Wednesday, December 28, 2005
For some reason, working today in the relatively quiet workplace seems like a blessing compared to another day of listening to a certain toddler scream his objections to sitting on the Blues Clues mini-toilet. And the joy that I’ll get to change diapers again for another two years in five months! Can a person be sarcastically happy about being a parent? On one hand you have the dirty diapers, tantrums, thrown food, and money being spent like Paris Hilton on a shopping spree. The other hand you get the hugs, “play with me daddy”, and the giggles when you do something remotely funny but seems like a full out comedy act for the little one. Is it a zero-sum game being a parent?
Not even close.
For this guy at least its not. Parenting for me has been a sort of CPR on my life. Nearly three years ago I was crippled by a work accident, seizures, severe speech impediment, and a gaggle of neurological disorders. Pile that on top of self-pity and depression and you have one fucked up individual. But along came Wyatt, and a reason to fix myself up each morning and face the world for him and be a better husband for my wife. I lost a good three years of my life wrapped up in that black hole of work-play online games-sleep and shutting most everyone out emotionally. Looking back, I can’t figure out why my wife stuck it out with me. Even today it still befuddles me how strong she was/is to keep our marriage intact long enough to produce such miracle that is probably at this moment going through his third pair of Bob the Builder underwear.
Holidays are about reflection, and that’s what I’m doing in shorten sentences because my writing skills match those of someone who scored in the single digits on his ACT English exam. But we won’t mention any names, because I’d hate to embarrass myself.
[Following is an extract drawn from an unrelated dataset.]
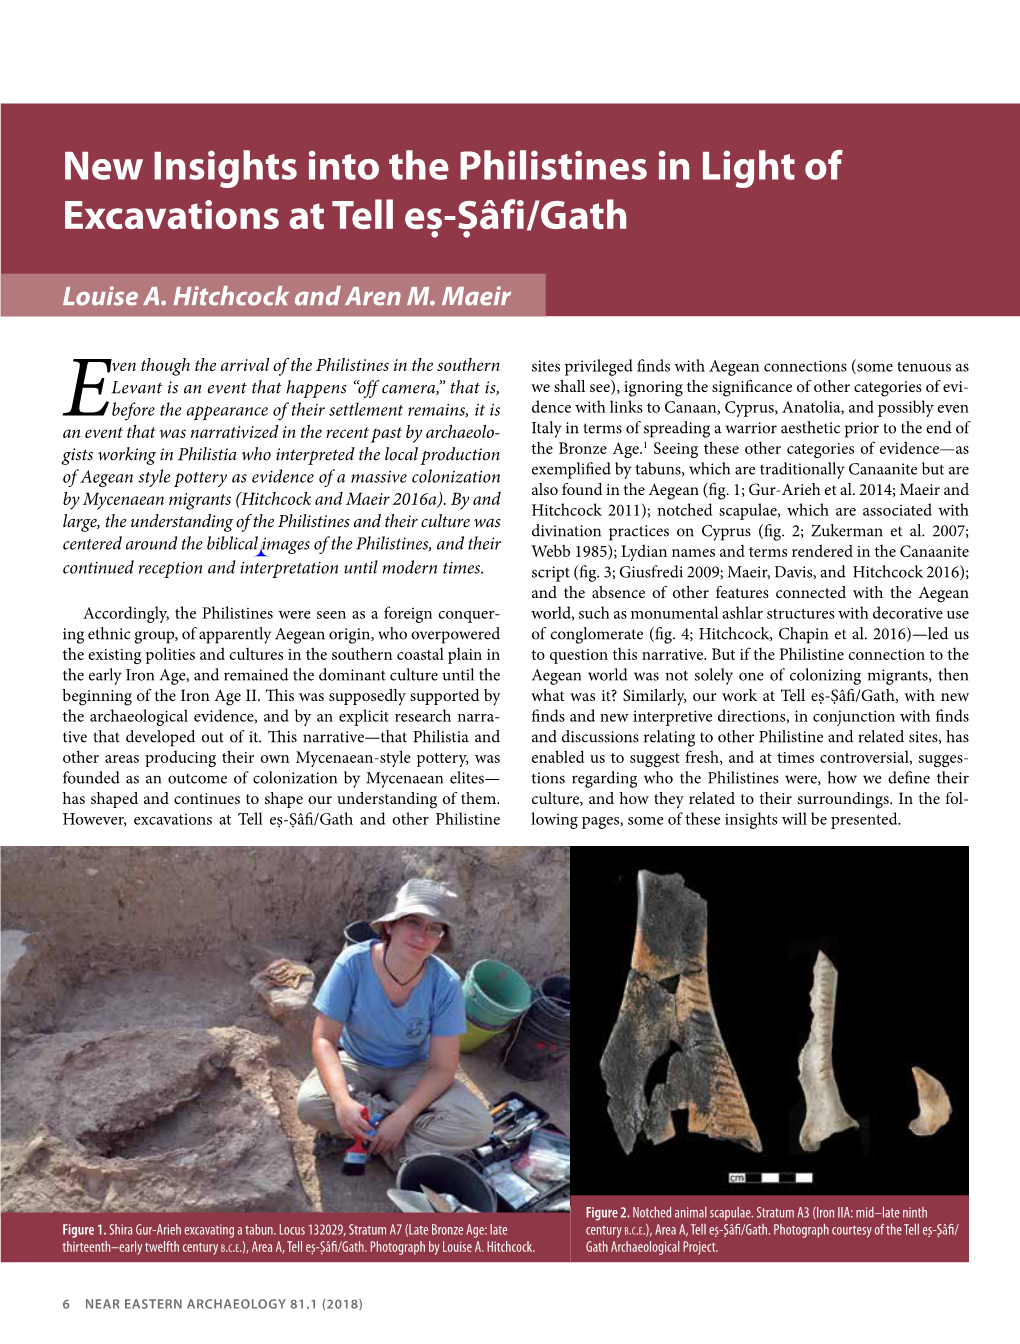 New Insights Into the Philistines in Light of Excavations at Tell Es -S

I’m also thankful for this community of poker bloggers for giving me an *ahem* profitable PLAY CHIPS hobby and a circle of friends that understands the fun to have a little gamble, a lot of sarcasm, and maybe a little alcohol in them. If parenting has been the reason I get up in the morning and enjoy the day, poker is the reason the day is rarely dull. Being a suburban dad with a regular 9-5 type cube monkey job doesn’t scream excitement. Add in a little gambling, a little Captain Morgan, and a little NC-17 chat with fellow degenerates and you’ve got accessible adult entertainment in the comforts of your own home without having to order the playboy channel for the night. It’s sort of a virtual Vegas without the porn slappers, celebrity roshambo matches, and DD-breasted waitresses bringing drinks every 15 minutes.
Thanks for dropping by, now go check out the possibly new and improved pokerdb for Stars tournaments. I’d probably cry after seeing my actual tournament money stats.